Piazza del Duomo di Firenze, guida alla visita

10 agosto 2026

La piazza del Duomo a Firenze con il Battistero, il Campanile di Giotto e la cupola del Brunelleschi sotto un cielo azzurro.

Indice

La piazza del Duomo di Firenze concentra in pochi metri alcuni dei luoghi di culto più importanti della città, ma visitarli bene richiede un minimo di organizzazione. In queste righe raccolgo ciò che serve davvero sapere: cosa vedere, quali pass scegliere, quanto tempo calcolare, come affrontare le salite e quali dettagli spesso sfuggono a una prima visita.

Il modo più semplice per vivere il cuore sacro di Firenze

  • La Cattedrale è visitabile gratuitamente, dal lunedì al sabato, senza biglietto.
  • Il Brunelleschi Pass costa 30 euro e comprende Cupola, Campanile, Battistero, Museo e Santa Reparata.
  • La salita alla Cupola richiede 463 gradini, mentre il Campanile di Giotto ne richiede 414.
  • Per la Cupola è obbligatoria la prenotazione di giorno e ora, con documento d’identità.
  • Per una visita completa consiglio di prevedere almeno mezza giornata.

La cupola del Duomo domina la piazza del Duomo a Firenze, con la città che si estende all'orizzonte sotto un cielo azzurro e nuvoloso.

Che cosa racchiude la piazza del Duomo di Firenze

Quello che chiamiamo comunemente Duomo non è un solo edificio, ma un complesso religioso e museale sviluppato attorno alla Cattedrale di Santa Maria del Fiore.

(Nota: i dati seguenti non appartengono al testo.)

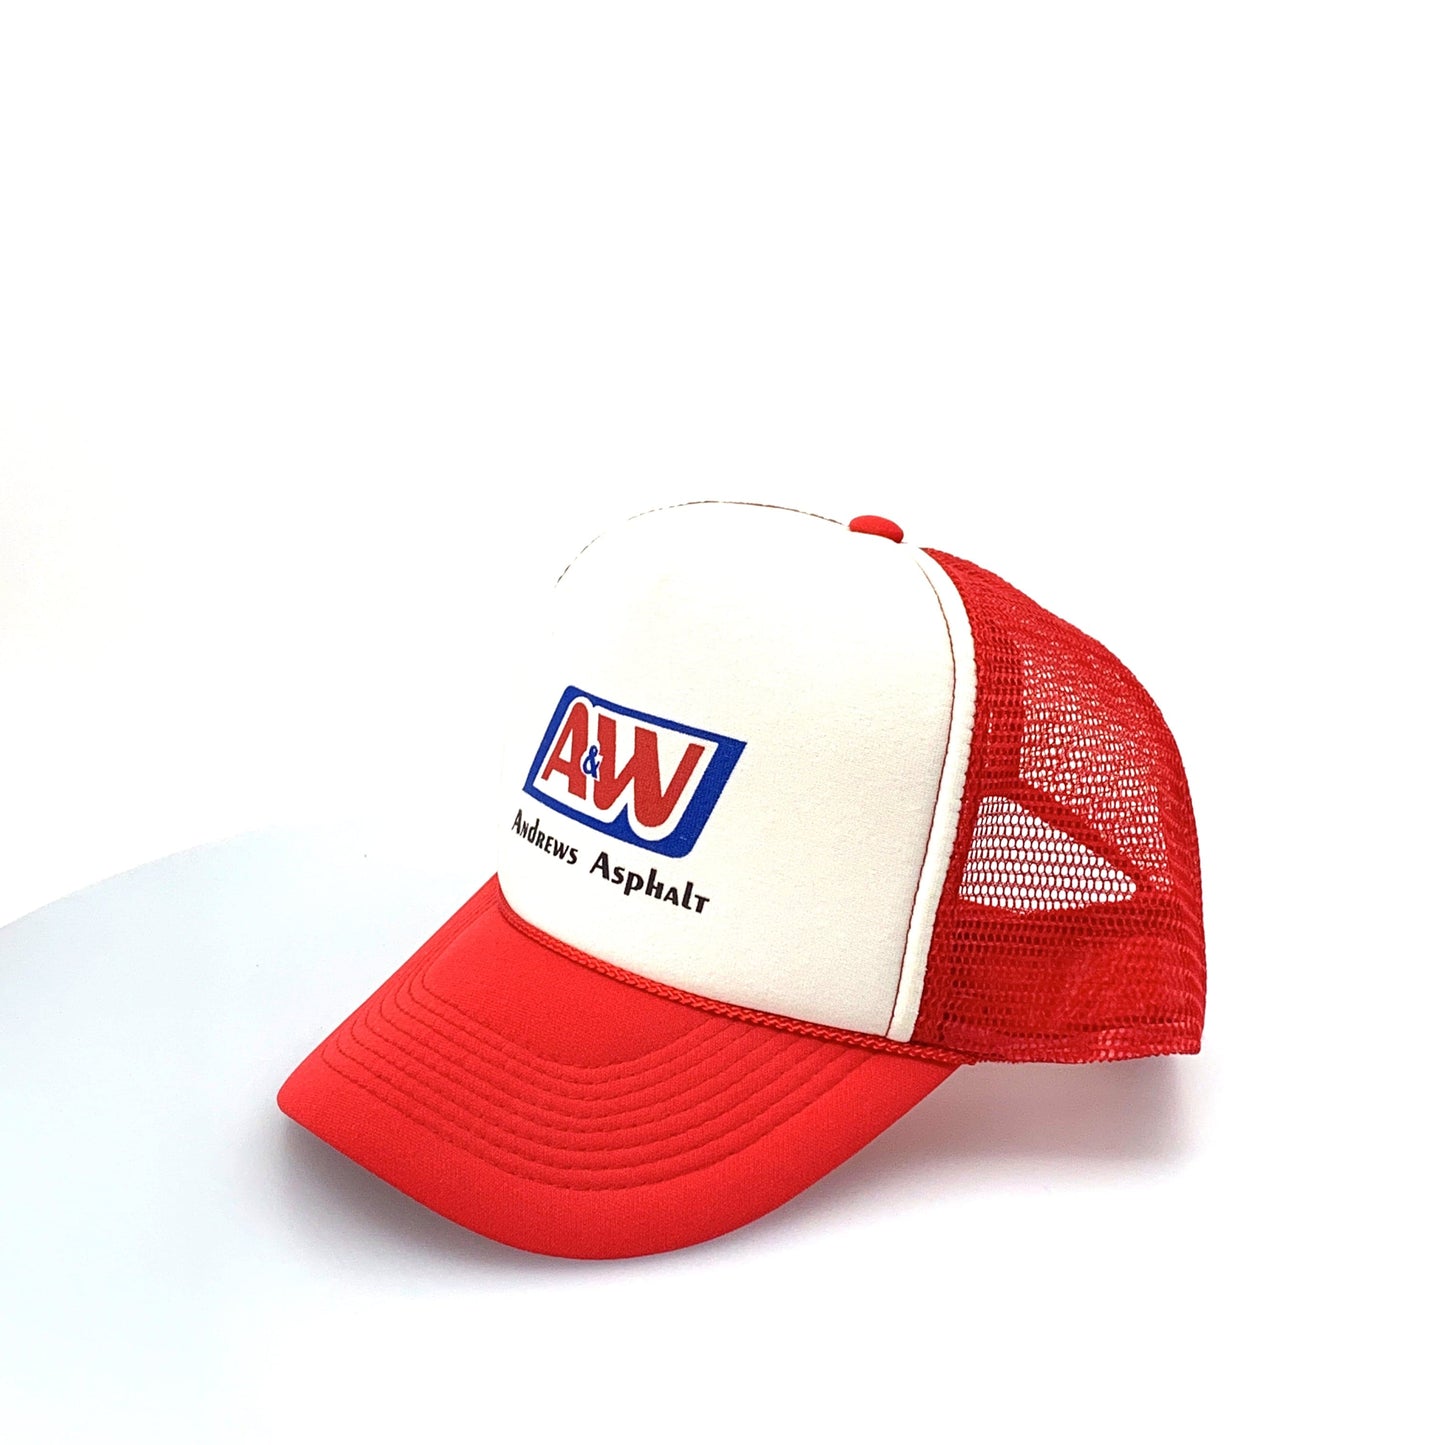 Otto Headwear A&W ANDREWS ASPHALT SnapBack Trucker Hat Red White - OSFM

La piazza unisce architettura gotica, primo Rinascimento, archeologia cristiana e arte monumentale in uno spazio che si visita quasi come un museo all’aperto.

Il punto dominante è la Cattedrale di Santa Maria del Fiore, progettata a partire dal 1296 da Arnolfo di Cambio e consacrata nel 1436 dopo il completamento della cupola. Le sue dimensioni aiutano a capire la portata dell’impresa: misura circa 153 metri di lunghezza, 90 metri nella zona del transetto e 90 metri dal pavimento alla base della lanterna.

La Cupola del Brunelleschi

La cupola è il simbolo di Firenze e, dal mio punto di vista, la visita più spettacolare dell’intero complesso. Filippo Brunelleschi la realizzò tra il 1420 e il 1436 senza ricorrere a una gigantesca centina lignea di sostegno, adottando una struttura a doppia calotta e una disposizione dei mattoni a spina di pesce.

All’interno si osserva il grande Giudizio universale dipinto da Giorgio Vasari e Federico Zuccari, mentre dalla sommità si apre una vista ampia sui tetti della città. La salita è impegnativa, con 463 gradini e nessun ascensore, e passa in spazi stretti tra le due calotte. Non la consiglierei a chi soffre di vertigini, claustrofobia o problemi cardiaci.

Il Campanile di Giotto

Il campanile raggiunge circa 84,7 metri ed è rivestito, come la cattedrale, da marmi bianchi, verdi e rosati. I suoi rilievi raccontano la creazione dell’uomo, le arti, i pianeti e le virtù, trasformando la torre in una sorta di enciclopedia scolpita del Medioevo.

La terrazza si raggiunge salendo 414 gradini. La prospettiva è diversa da quella della Cupola: qui si guarda direttamente verso la grande calotta di Brunelleschi, mentre la salita offre affacci progressivi sulla piazza. Se preferisci fotografare la cupola da vicino, il campanile è spesso la scelta migliore.

Il Battistero di San Giovanni

Di fronte alla cattedrale si trova il Battistero, uno degli edifici più antichi e riconoscibili di Firenze. La pianta ottagonale, i marmi geometrici e le porte bronzee lo rendono diverso dagli altri monumenti del complesso, con un’atmosfera più raccolta e solenne.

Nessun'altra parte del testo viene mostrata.